Hu Qing | Chen Xu | Issue Writer Certificate

Keywords

miR-27a-3p

LIFR

p38/MAPK signaling pathway

Endometrial cancer

EMT

Abstract

Background: miR-27a-3p was linked to the growth, progression, and metastasis of many cancers; however, its role in Endometrial cancer (EC) and the related mechanisms has not received as much research. Leukemia inhibitory factor receptor (LIFR) has been considered a prognostic and immune biomarker for EC. This work sought to determine if miR-27a-3p regulates LIFR in the malignant development of EC cells and to investigate the signaling pathways involved.Methods: The TCGA database predicted the expression levels of miR-27a-3p and LIFR in the EC. The targetScan database, along with the dual luciferase experiment, confirmed the targeting link between miR-27a-3p and LIFR. The levels of miR-27a-3p and LIFR in normal human endometrial cells EEC and EC cells were identified using RT-qPCR and Western blot tests.
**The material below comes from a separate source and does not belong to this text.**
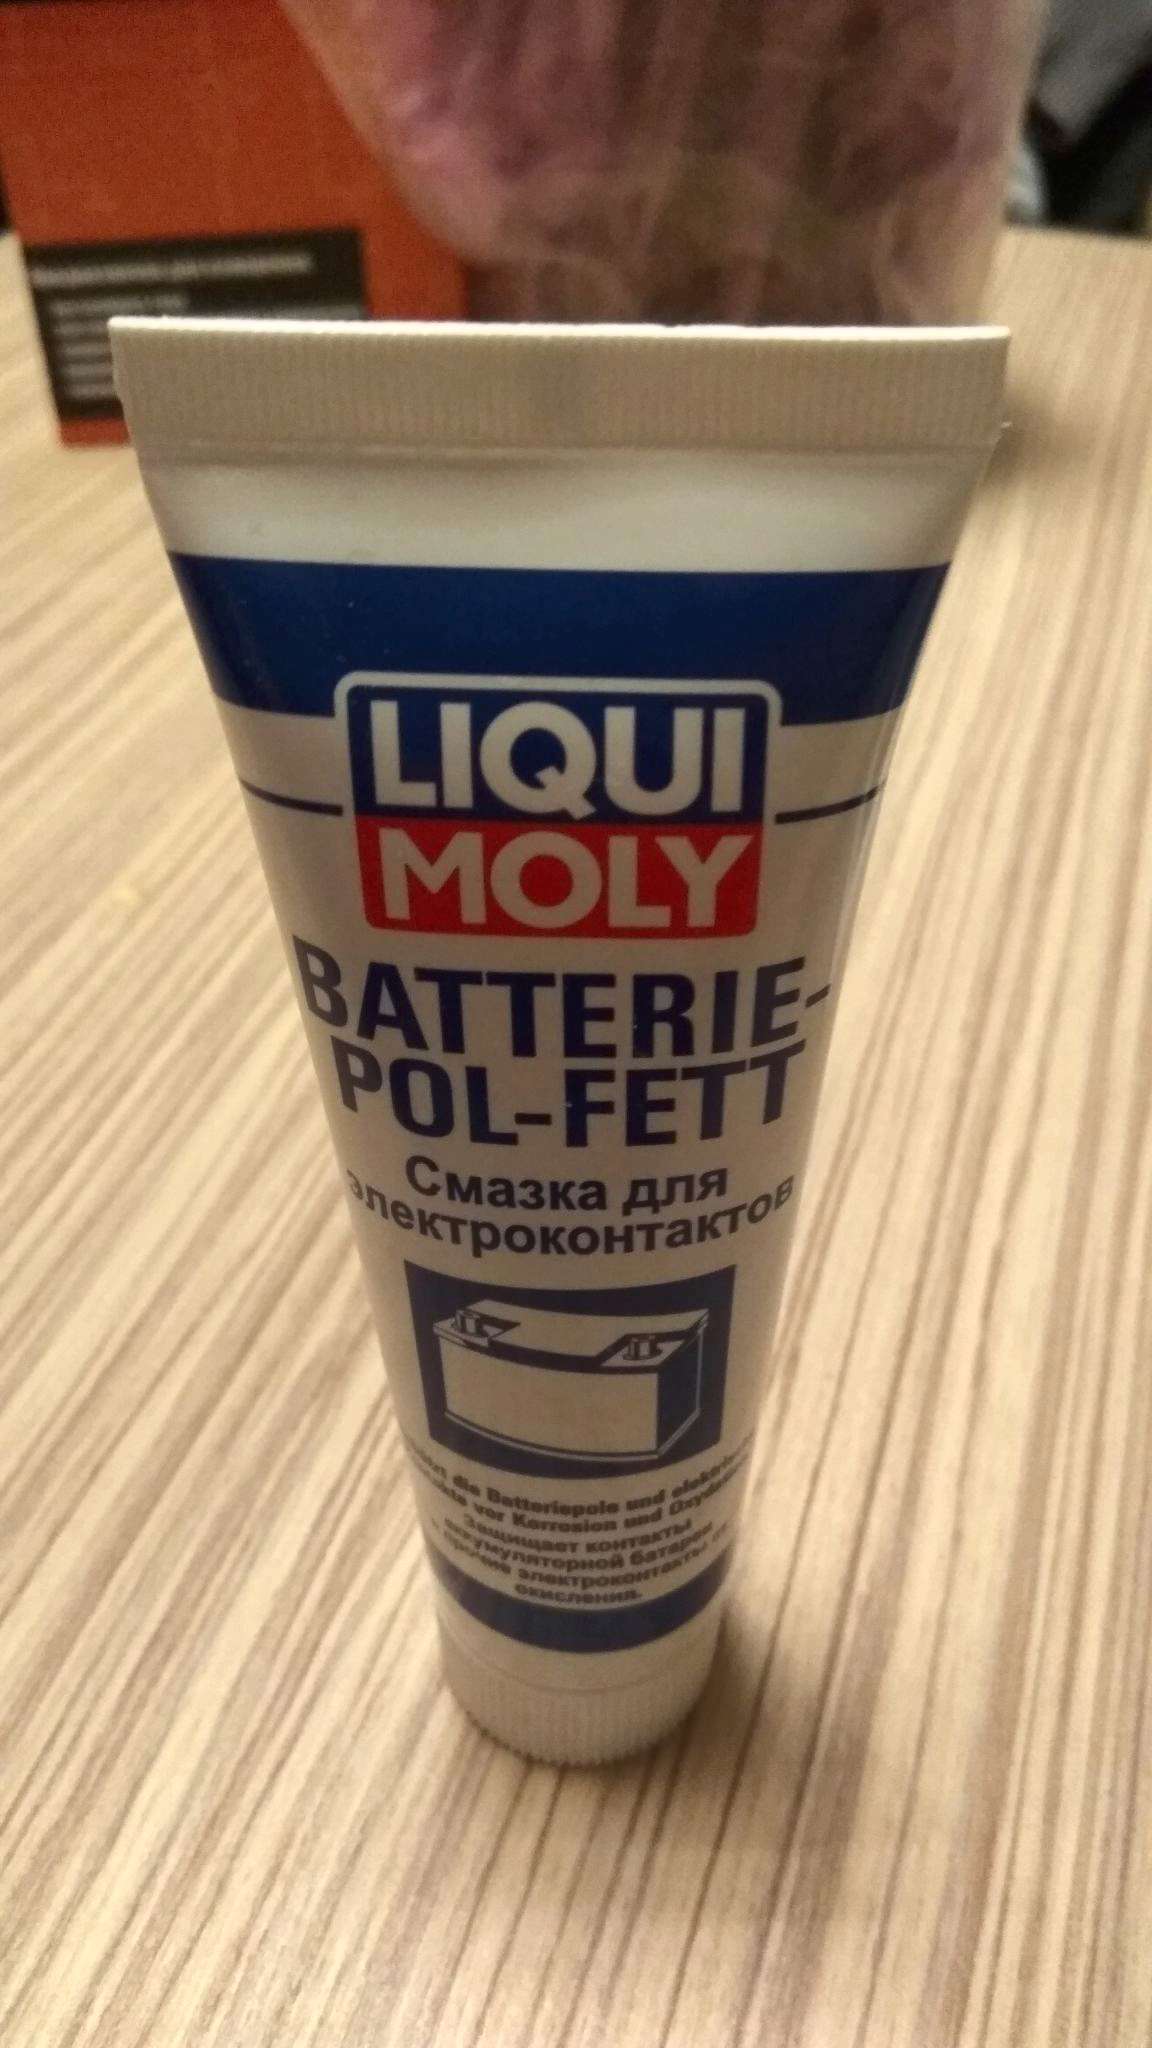 Смазка для электроконтактов LIQUI MOLY 7643 Batterie-Pol-Fett - купить в  ТРИ ТОВАРИЩА, цена на Мегамаркет
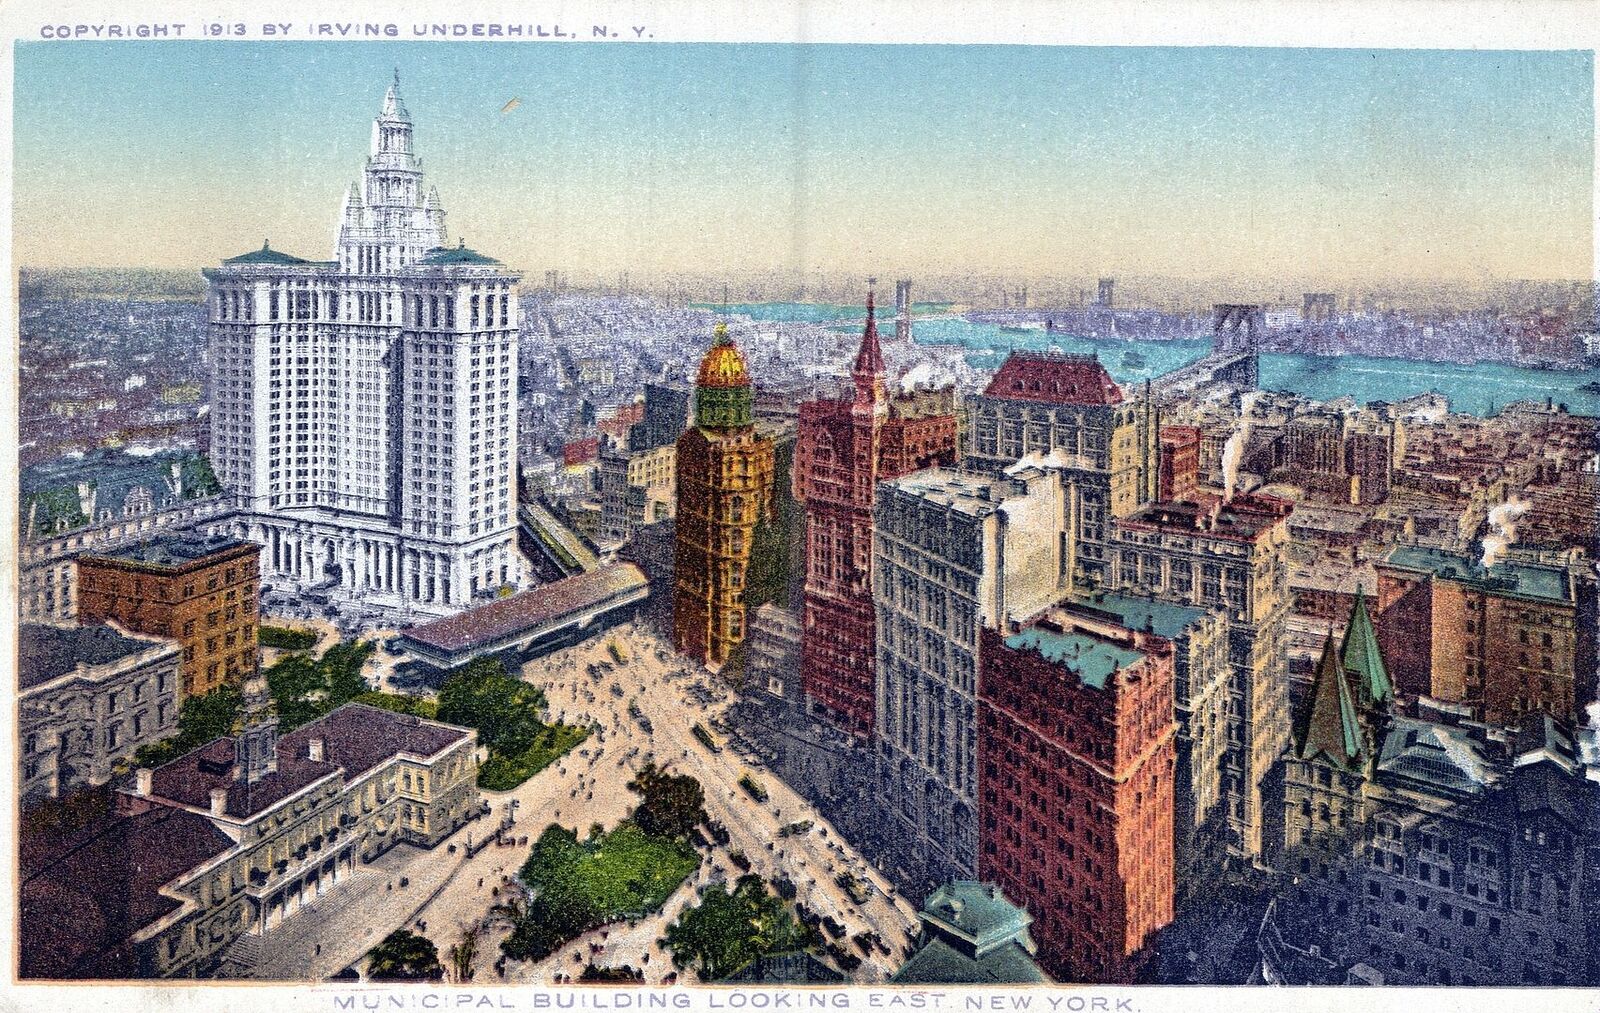 NEW YORK CITY - Municipal Building Looking East Postcard

After interfering with miR-27a-3p or LIFR level, EC cell proliferation, migration, and invasion capacities, as well as the expression levels of proteins involved in EMT and the p38/MAPK signaling pathways were examined to investigate the intrinsic mechanism of miR-27a-3p regulation of EC.Results: In EC cells, miR-27a-3p and LIFR were dramatically increased and decreased, respectively. miR-27a-3p targeting inhibited LIFR, further interfering with the p38/MAPK signaling pathway. Knocking down miR-27a-3p or overexpressing LIFR were efficient in suppressing the malignant biological characteristics and EMT of EC cells. Adding a p38/MAPK signaling pathway inhibitor partially decreases the influence of miR-27a-3p or LIFR on EC cells.Conclusion: miR-27a-3p activates the p38/MAPK signaling pathway by targeting LIFR down-regulation, promoting malignant biological behavior and EC cell EMT. This pathway may give ideas for EC clinical treatment.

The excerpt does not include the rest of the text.